A tree chopped to the ground will regrow. Pruning an in-ground tree every few years keeps it at 20 feet or less, but if you stop, it will resume pushing toward its genetic maximum.

Olive Tree Root System and Space Requirements

Olive roots are shallow, horizontal, and not aggressive. They spread as wide as the canopy and rarely damage foundations or pavement. That makes them safe for planting near structures and excellent candidates for large containers. Site in-ground trees a minimum of 20 feet apart, and plant the root ball slightly higher than the surrounding grade — olive trees cannot tolerate sitting in wet soil.

If you need to move a mature tree, recovery takes roughly one year per inch of trunk diameter. A four-inch trunk means four years before the tree fully re-establishes.

Growth Factor In-Ground Potted
Mature height (typical) 20–30 ft 5–6 ft
Years to mature height ~15 years As shaped
Annual young growth 12–24 inches Varies by pot size
Min tree spacing 20 ft N/A
Root aggression Low, non-invasive None, fully contained
Cold tolerance ~10°F (topped only) 28°F (root zone barely insulated)
Pruning style Can keep at 20 ft Large bonsai, any shape/size

Olive Tree Size: Checklist for Deciding Where to Plant

Before picking a spot for your olive tree, run through these questions to match the tree’s size to your space.
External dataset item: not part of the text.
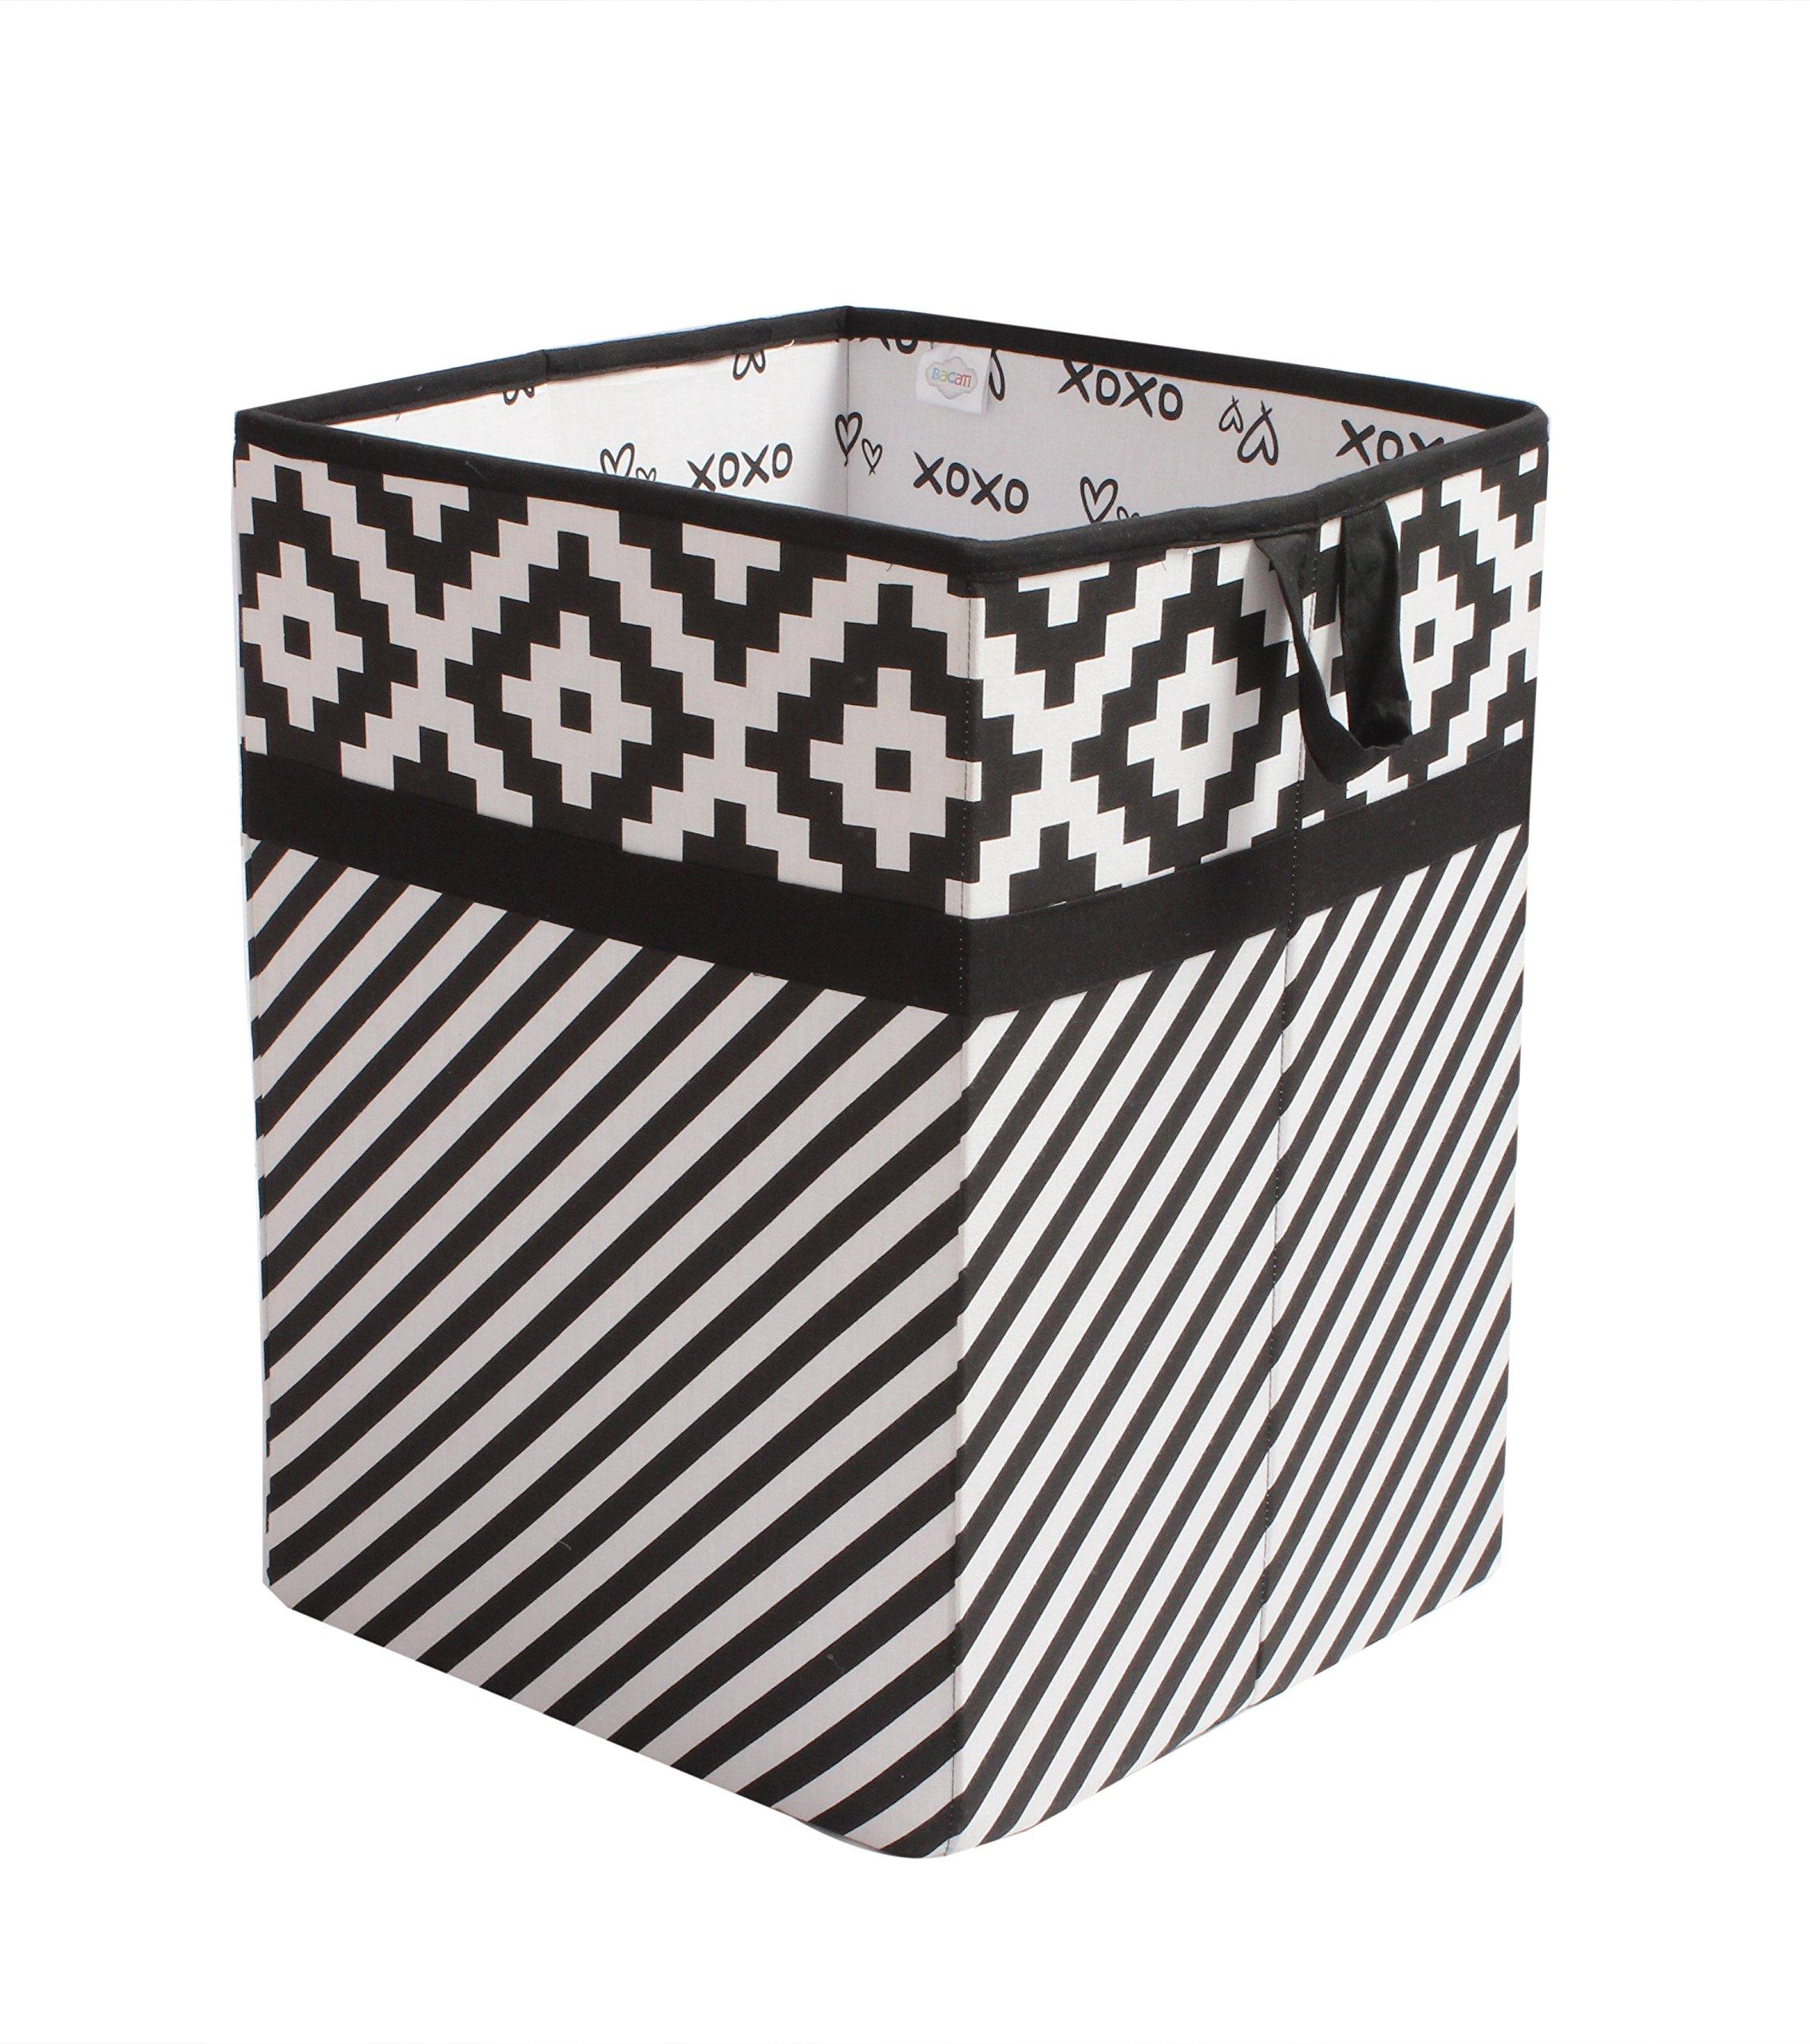 Bacati Love Fabric Collapsible Hamper, Black/white, 14'' x 14'' x 19''

  • Is the planting site clear of structures and paved areas? In-ground trees need 20+ feet of open canopy space.
  • Do you need a harvestable tree or just an ornamental? Fruiting slows height growth, so a producing tree may stay shorter.
  • Is your soil well-drained and full-sun? Poor soil and shade both reduce final height.
  • Are you comfortable pruning every year? Potted trees need annual shaping; in-ground trees need attention every few years.
  • Is the variety suited to your space? A Manzanillo needs more room than a Bamabaling hedge variety.

An olive tree is one of the few plants that works equally well as a 50-foot landscape anchor or a 3-foot patio accent. The size you get depends entirely on where you put it and how you treat it.

A potted tree stays small because the container limits the roots and you control the shape with pruners. A ground-planted tree grows to its full potential, but even that can be kept shorter with regular cuts. Either way, the tree adapts to the space you give it, and it will live for decades without outgrowing its welcome.

Olive trees are nontoxic to people and pets, safe for pots near patios, and their roots don’t threaten foundations.